I know, he's your son and you love him and want to help him, but he's old enough to have moved out and to have fathered a child. It's time that he accept full responsibility for his own life, whether he wants to or not, and regardless of what that means.


----------



## turnera (Jan 22, 2010)

Teach him how to go talk to the landlord and offer to make payments until he has paid up. Show him how to write up a contract promising to pay it back. This way, you are helping him learn how to handle his own mistakes, empowering him, teaching him to do the right thing, and letting him feel good about himself. Also tell him that you want the world for him but that doesn't include making up for his own mistakes; therefore, he will have the same rules at your home as he would have anywhere, and you expect him to honor them. Follow up by telling him how excited you'll be to have him back at home!


----------



## 2010Walkaway (Aug 3, 2010)

My head is telling me that we should not bail him out no matter what my heart says. 

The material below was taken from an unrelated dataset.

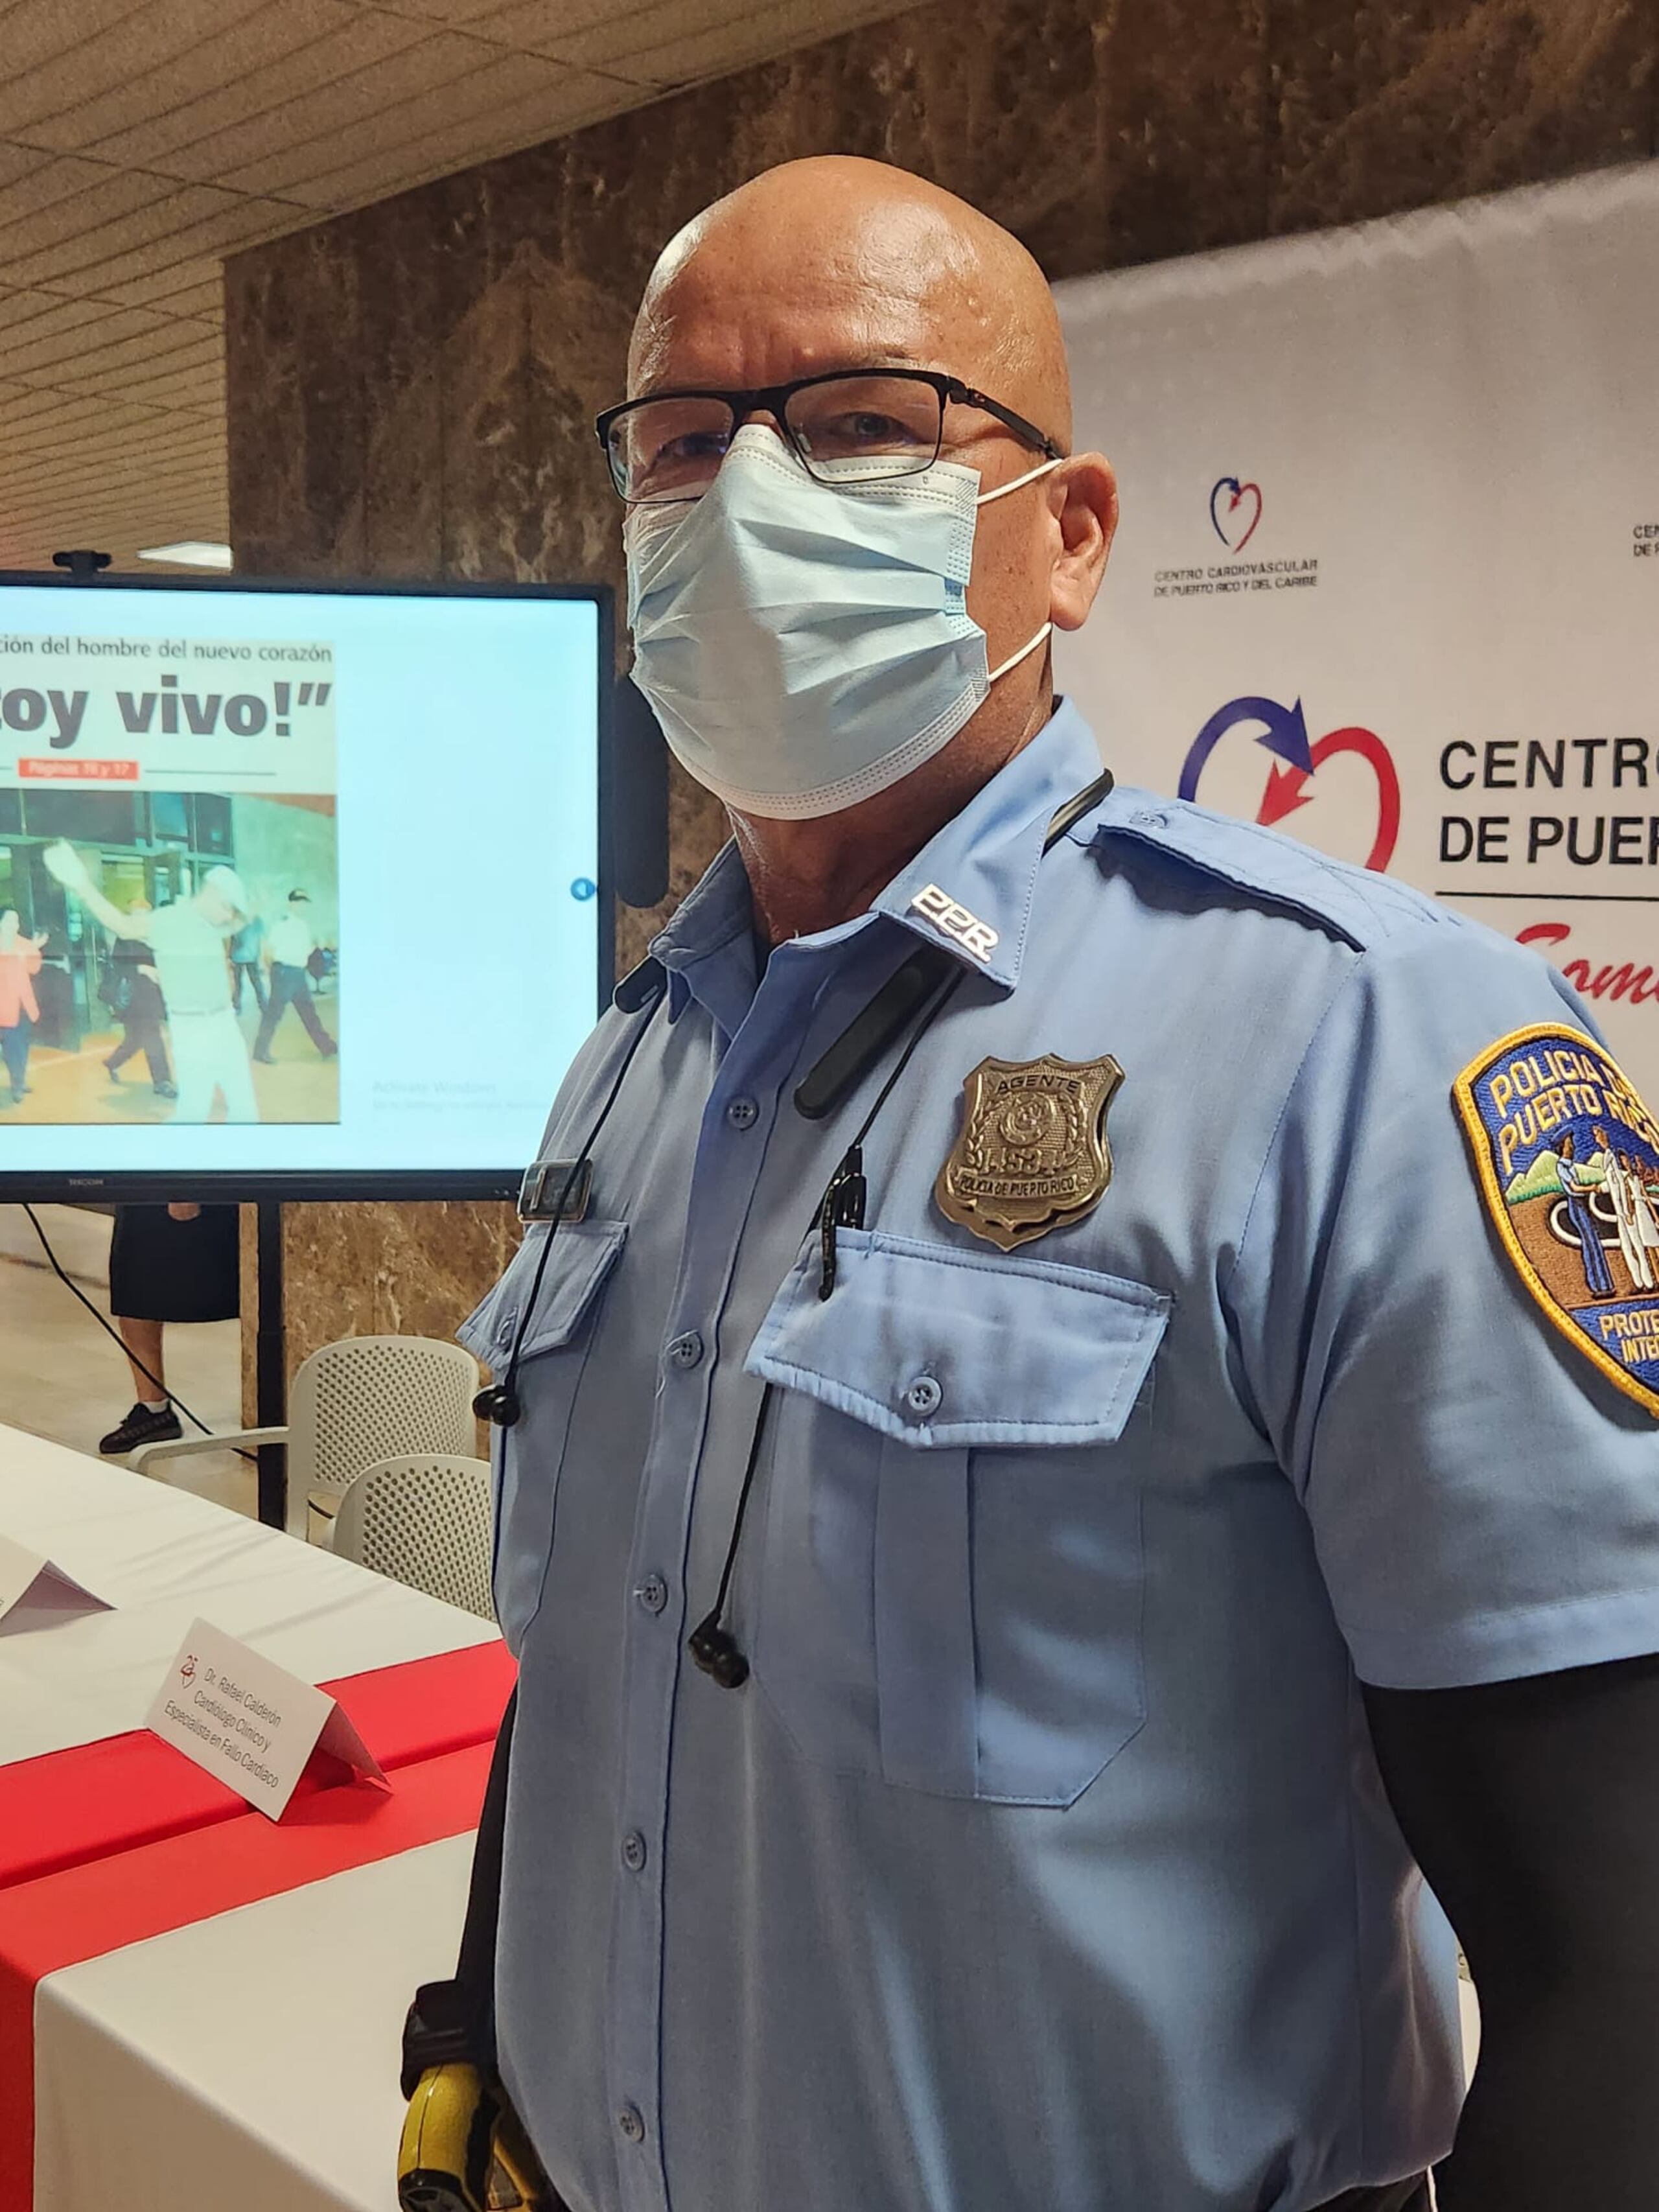 El policía Héctor Cruz Ortiz muy bien podría considerarse un hombre de tres corazones, pues en su caso ha recibido dos trasplantes.

So when I next see him I will put it to him that he should think seriously about paying the landlord as much as he can straightaway and not wait for the deadline. Also to make arrangements to pay off any shortfall on a regular basis bit by bit as has been suggested. I think there is a good chance of the Landlord agreeing to this if she is approached sooner rather than later. 

Trouble is, you can lead a horse to water but you can’t make it drink!


----------



## turnera (Jan 22, 2010)

You also should not feed a man a fish, but rather TEACH him to fish. You can't always be there to feed him his fish.

And, once you have made the offer to help show him how to handle the situation, and if he refuses to follow your advice - you ARE his parent, after all, and the ones from whom he should be learning - then it is HIS problem.

Got it? You tell him that you are offering to help him solve his problem and that he can either take your advice, or he will be on his own - legal issues or otherwise.


----------